Furthermore, it is well known that PD-L1 expression in a tumor can be modified after treatment. It has been suggested that even for tumors with non-favorable PD-L1 expression patterns (types II to IV), patients may benefit from anti-PD-L1 therapy when used in combination either with radiotherapy or combined immunotherapy [51,52,53]. Further studies should evaluate the role of anti-PD-L1 therapy in combined treatment regimens.

A limitation of the present study is the lack of uniformity of follow-ups between patients. However, this variable was accounted for in our statistical analysis and was considered when creating our model of prediction. Moreover, the fixation time was not uniform and some of the paraffin blocks dated from over 10 years ago. To address these limitations, all cases had an internal control that allowed us to assess the antigenicity of each sample. Also, our study group encompasses only patients who underwent enucleation; patients with small tumors might not be well represented in our cohort.

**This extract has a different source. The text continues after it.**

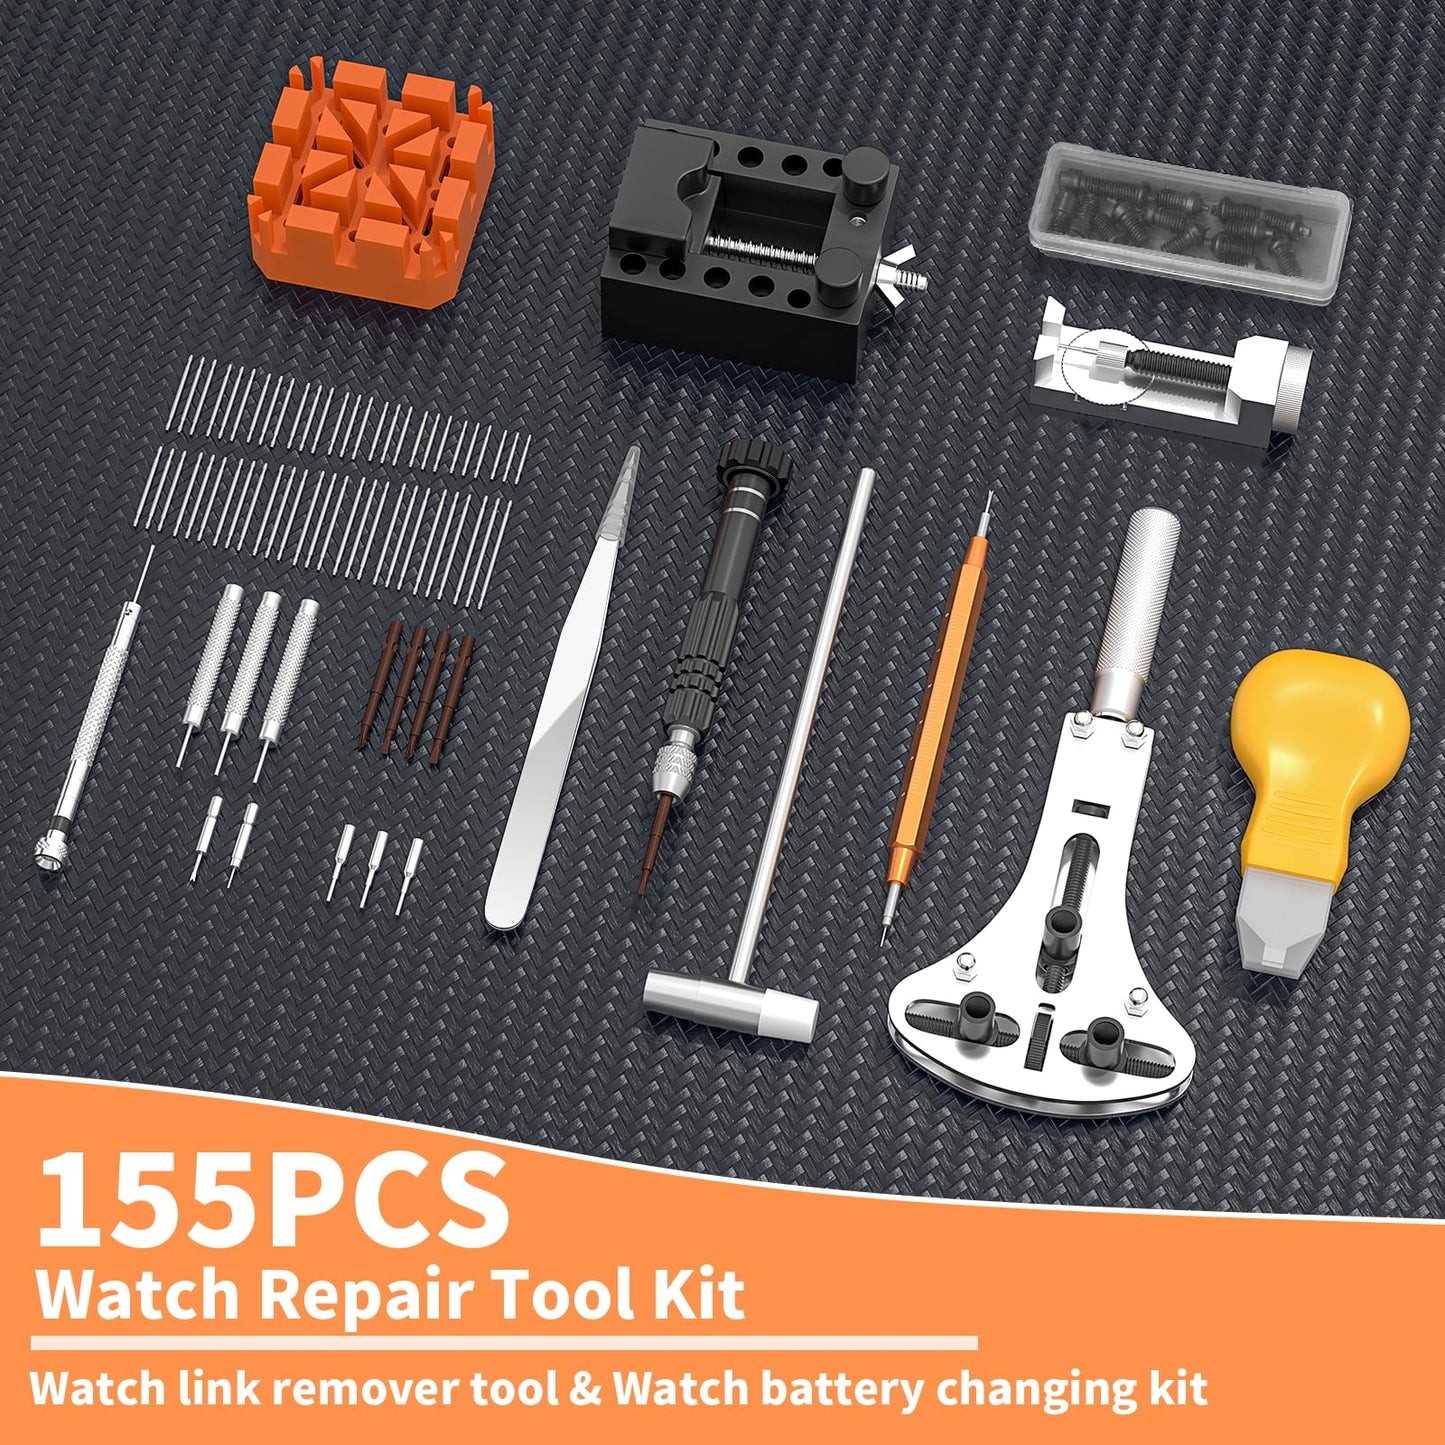 Watch Link Removal Kit, BYNIIUR Watch Repair Kit, Watch Case Opener Spring Bar Tools, Watch Battery Replacement Tool Kit, Watch Band Link Pin Tool Set with Carrying Case and Instruction Manual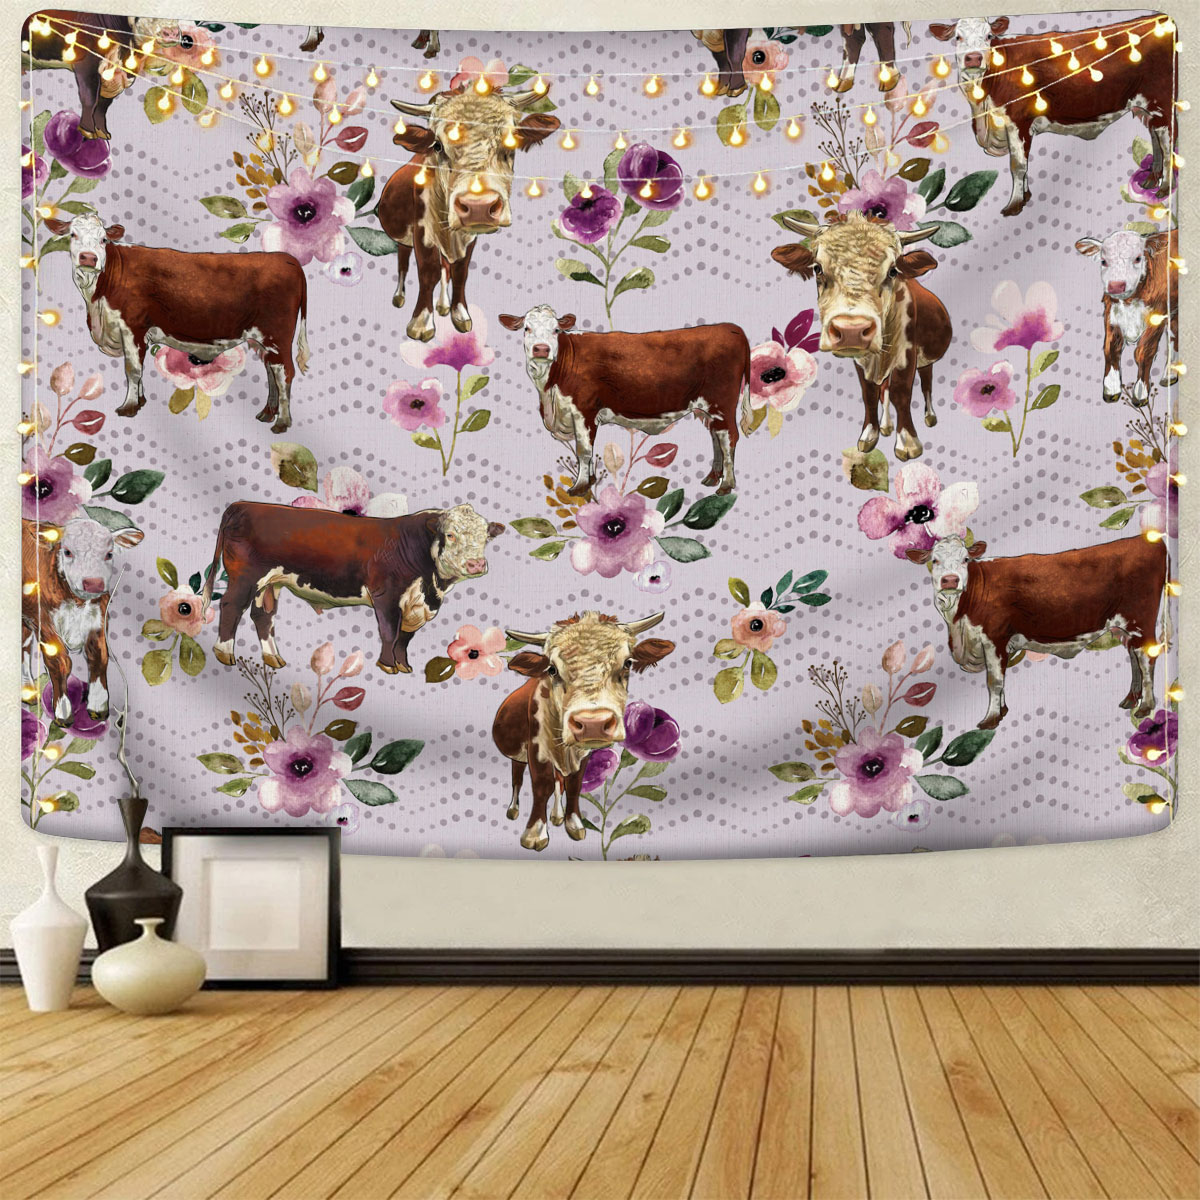 Hereford Autumn Amethyst Boho Floral Pattern Tapestry

Another limitation is that the evaluation of the non-neoplastic cells was performed using only morphological basis without possibilities to sub-classify the lymphocytes or the macrophages. Further studies using immunofluorescence to evaluate the tumor inflammatory microenvironment will help us understand better the relationship between PD-L1 expression and lymphocytes or macrophages, respectively.

Moreover, it is well known that tumors can change or modify their microenvironment between the primary tumor and the metastasis. It would be interesting to obtain samples from the metastases to assess whether there is a good correlation between primary tumors and metastatic disease.

In summary, the E1L3N clone of the anti-PD-L1 monoclonal antibody appears to be a specific marker for PD-L1 in cases of uveal melanoma. Its expression correlates with a better outcome and decreased tumor-infiltrating lymphocytes. Moreover, it has the potential to identify subgroups of uveal melanoma patients that might benefit from PD-1/PD-L1 pathway blockade. The ability to predict potential uveal melanoma responders based on their PD-L1 expression pattern needs to be further evaluated and validated in biomarker-targeted immunotherapy-associated clinical trials, bringing us one step closer to personalized medicine and treatment.